To był weekend pełen niespodzianek.
Nieplanowana, ale fantastyczna impreza.
Trudne i całkiem zaskakujące rozmowy
o życiu i o sytuacjach, których nie możemy przewidzieć i które odmieniają nasze
życie.
Były rozmowy o cofaniu czasu i o tym jak wiele i jak niewiele zależy czasem
od nas samych.
To był weekend pełen emocji, niespodziewanych zwrotów akcji,
zabawny, szalony i refleksyjny zarazem.
Kiedy nasz gość wyjechał, w domu zrobiło
się pusto, a słowo dziękuję nabrało zupełnie nowego znaczenia.

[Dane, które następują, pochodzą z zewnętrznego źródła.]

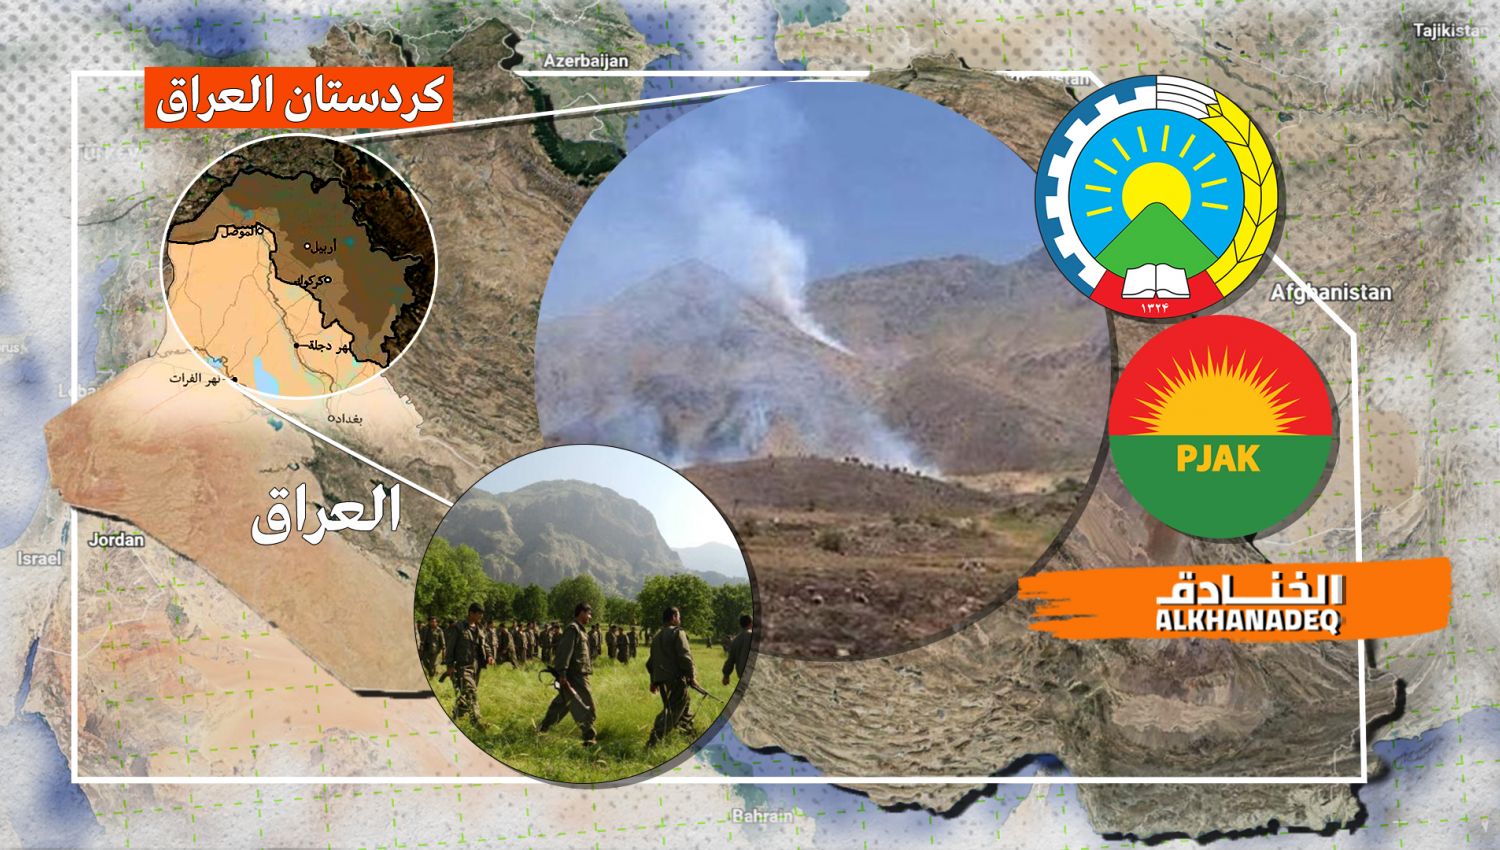 إيران تضرب بقوة المجموعات الإرهابية في كردستان

Przepis pochodzi z książki Ciasta i torty, niemieckiego wydawnictwa MAK, tytuł oryginału Backen step-by-step.
Na ciasto drożdżowe:
- 20 g drożdży,
- 3 łyżeczki cukru,
- 45 ml mleka,
- 300 g mąki tortowej,
- 30 g masła,
- 2 szczypty soli,
- 1/2 łyżeczki startej skorki pomarańczowej,
- 3 żółtka,
- mąka do posypania stolnicy,
- tłuszcz do blachy.
Na nadzienie:
- 100 g mieszanych orzechów (użyłam 120 g orzechów włoskich),
- 2 łyżki miodu,
- pół łyżeczki cynamonu,
- pół łyżeczki kakao,
- ok. 7-8 łyżeczek wody (w przepisie jest tylko5 )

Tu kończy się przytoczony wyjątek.